Abstract: Experts recommend a plethora of advice for staying safe online, yet people still use weak passwords, fall for scams, or ignore software updates. Such inconsistent adoption of protective behaviors is understandable given the need to navigate other priorities and constraints in everyday life. Yet when the actions taken are insufficient to mitigate potential risks, it leaves people – especially those already marginalized – vulnerable to dire consequences from financial loss to abuse and harassment.

 

In this talk, I share my research on improving people’s security and privacy behaviors in three contexts: understanding consumer reactions to data breaches, designing icons that convey privacy controls, and supporting survivors of tech-enabled abuse. (1) Data breaches are affecting millions of U.S. consumers. I empirically show consumers’ low awareness of data breaches, rational justifications and biases behind inaction, and implications for improving breach notifications to better motivate action. (2) Public policy is essential in incentivizing companies to implement better data practices, but policymaking needs to be informed by evidence from research. I co-led a series of user studies that resulted in a user-tested icon for conveying the “do not sell my personal information” opt-out, now part of the California Consumer Privacy Act (CCPA). (3) Different populations face different challenges and constraints, requiring special considerations in developing and deploying interventions. Drawing on findings from focus groups, I discuss guidelines for computer security support agents to help survivors of tech-enabled abuse with care and caution.

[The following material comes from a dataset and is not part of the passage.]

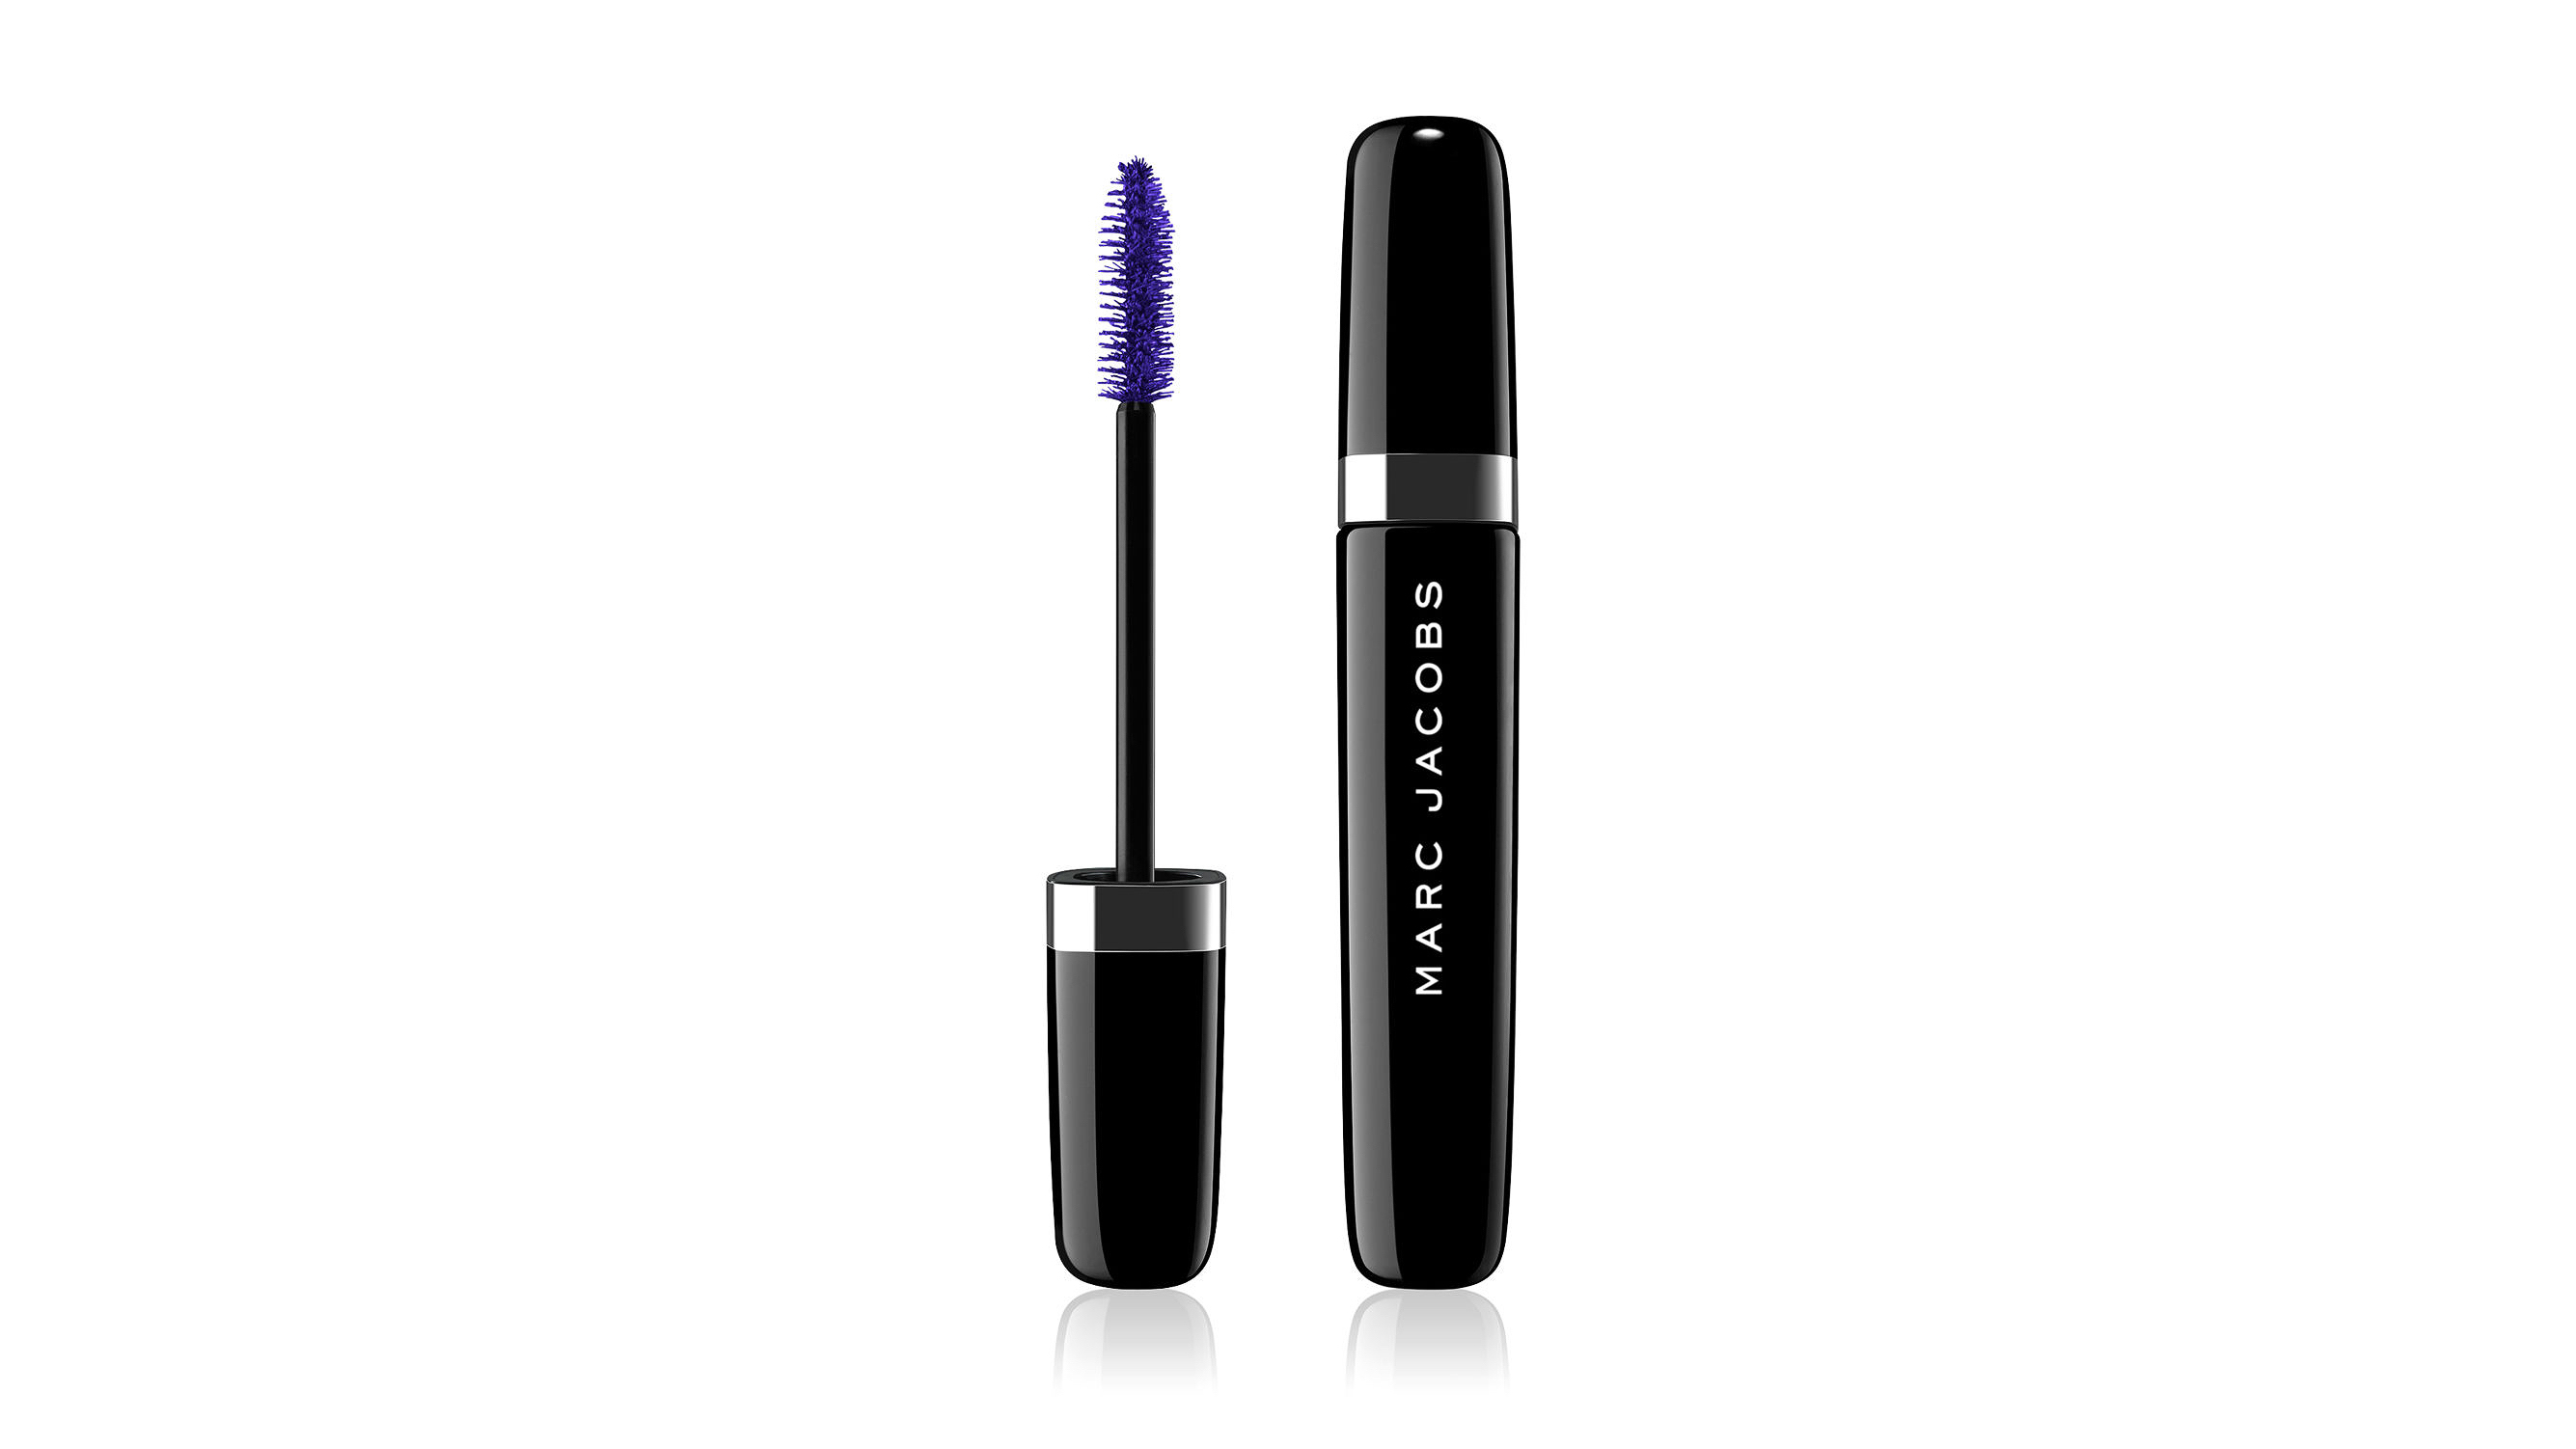 beauty product marc jacobs mascara

Altogether, I highlight the impact of my research on technology, public policy, and educational efforts. I also discuss how I apply this interdisciplinary, human-centered approach in solving security and privacy challenges to future work such as improving expert advice and developing trauma-informed computing systems.

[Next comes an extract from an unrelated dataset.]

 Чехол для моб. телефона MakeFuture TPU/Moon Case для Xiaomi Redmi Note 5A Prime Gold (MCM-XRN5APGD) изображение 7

Short Bio: Yixin Zou (she/her) is a Ph.D. Candidate at the University of Michigan, School of Information. Her research interests span human-computer interaction, cybersecurity, and privacy, with an emphasis on improving people’s adoption of protective behaviors and supporting at-risk populations (e.g., survivors of intimate partner violence and older adults) in protecting their digital safety. Her research has received a Best Paper Award at the Symposium on Usable Privacy and Security (SOUPS) and two Honorable Mentions at the ACM Conference on Human Factors in Computing Systems (CHI). She has been an invited speaker at the US Federal Trade Commission's Privacy Con, and she co-led the research effort that produced the opt-out icon in the California Consumer Privacy Act (CCPA). She has also collaborated with industry partners at Norton Life Lock and Mozilla, and her research at Mozilla has directly influenced the product development of Firefox Monitor. Before joining the University of Michigan, she received a Bachelor’s degree in Advertising from the University of Illinois at Urbana-Champaign.